### INFORMATION PROVIDED
====

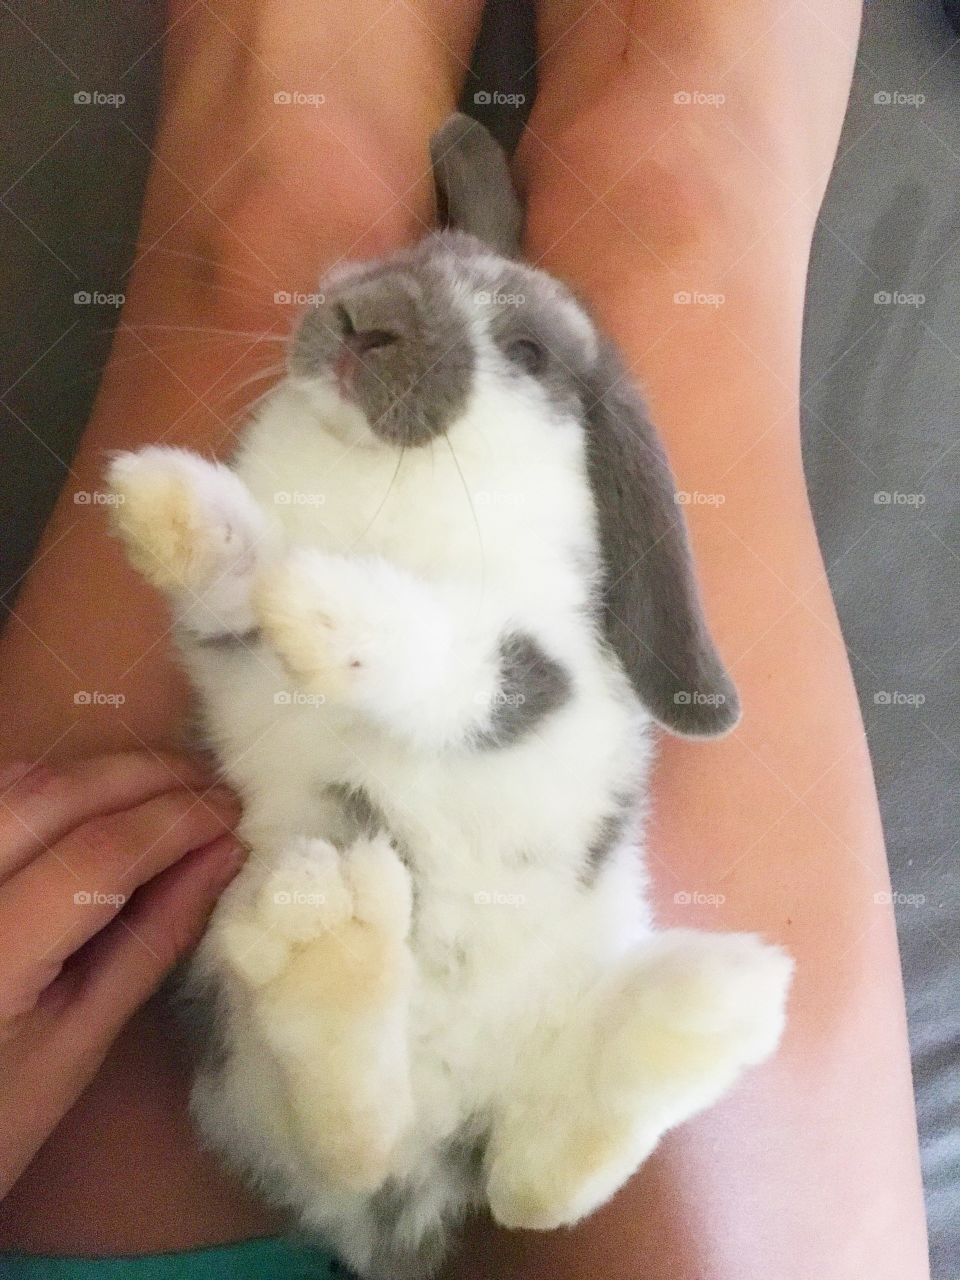 Thumper loves his belly rubbed! 
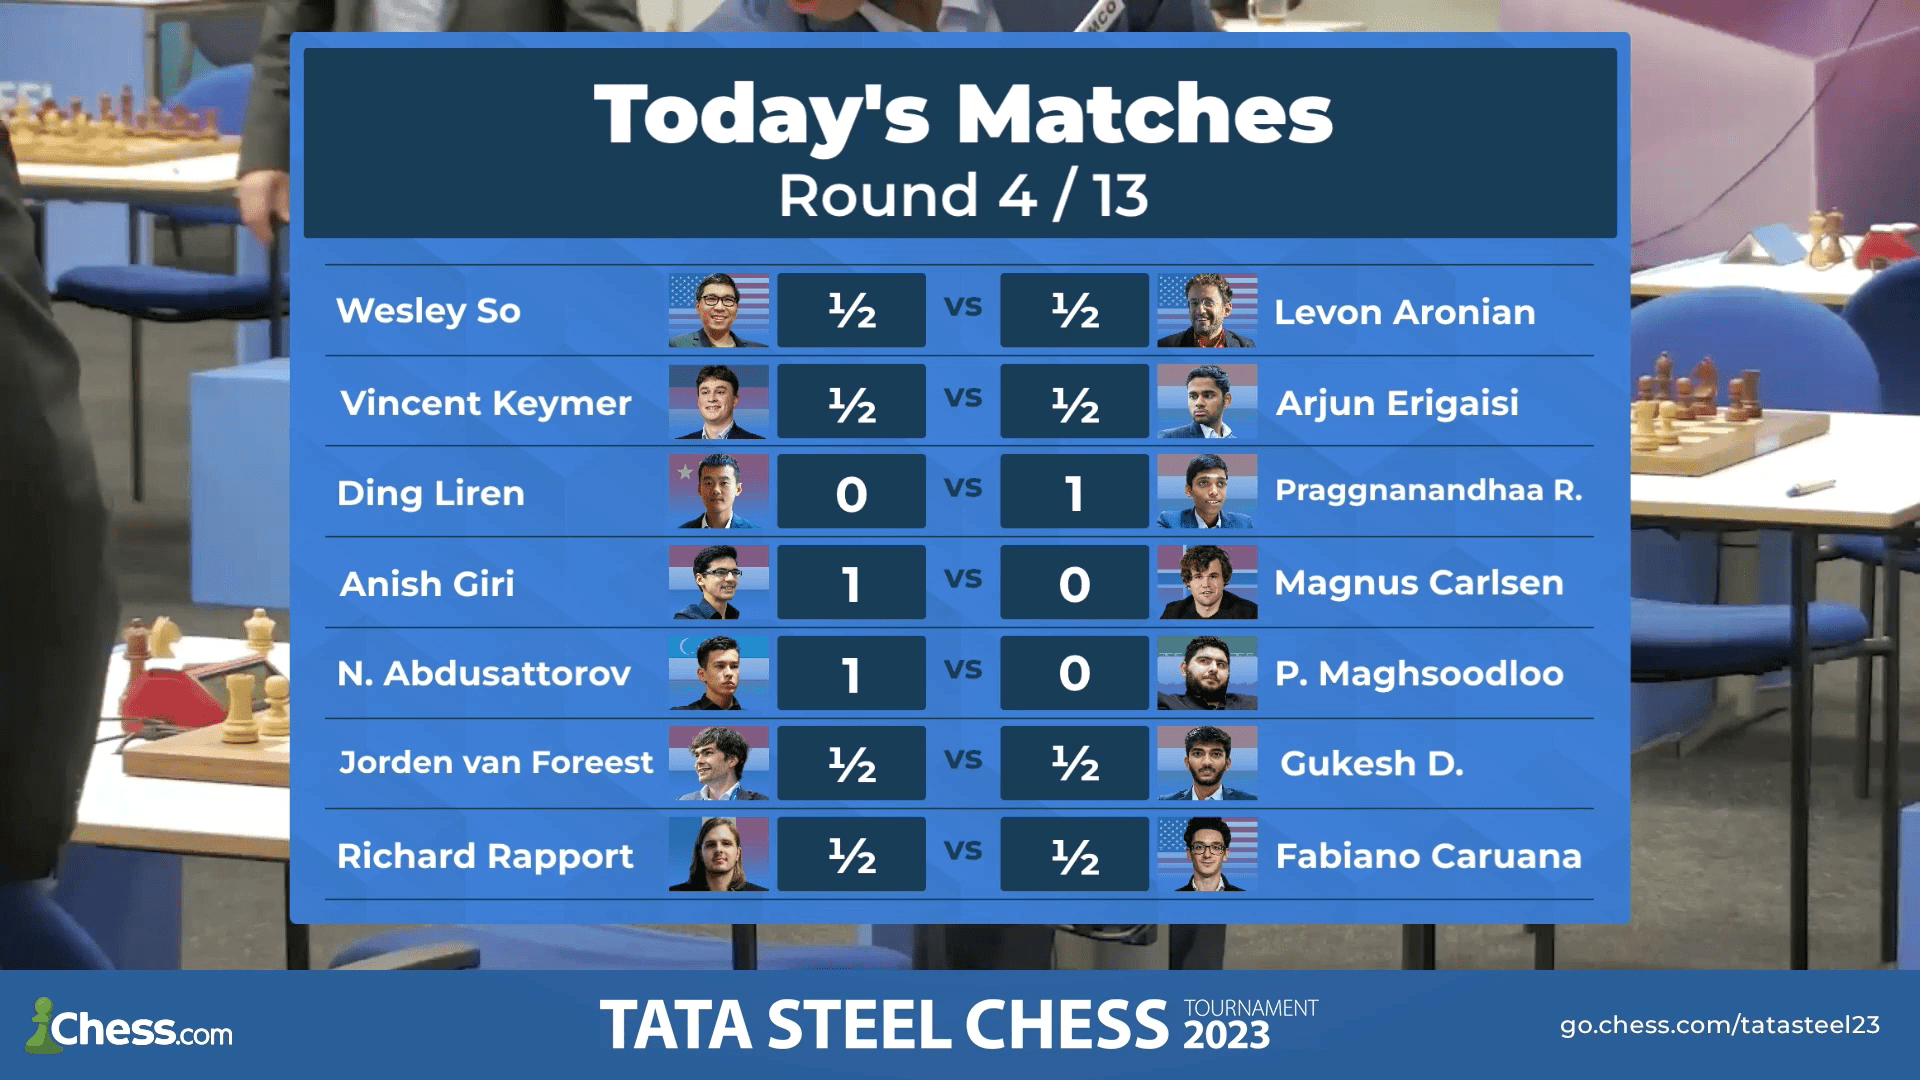 TATA STEEL CHESS 2023 Masters Section Infographic : r/chess
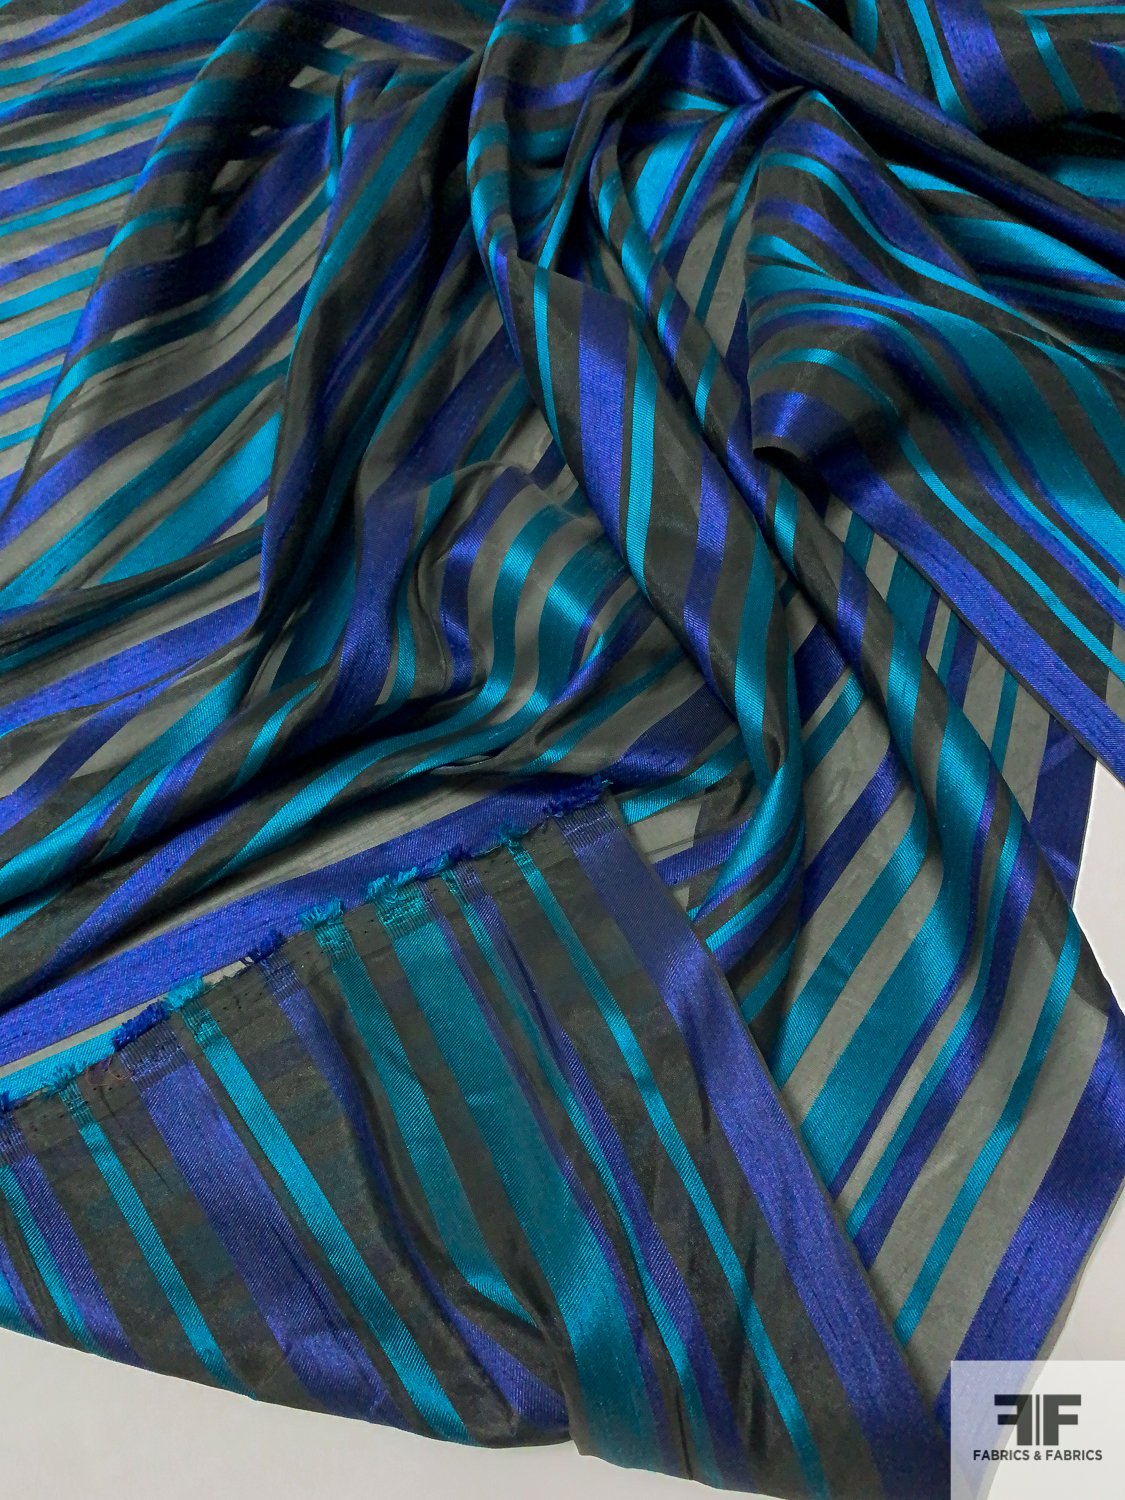 Italian Polyester Organza with Horizontal Twill Striped Design - Teal / Royal / Black

====

### INSTRUCTIONS TO FOLLOW
Set down exactly the lines between the one with "TATA STEEL CHESS" and the last line of the material above, both included, but none of the pictures.

### SOLUTION
 TATA STEEL CHESS 2023 Masters Section Infographic : r/chess
 Italian Polyester Organza with Horizontal Twill Striped Design - Teal / Royal / Black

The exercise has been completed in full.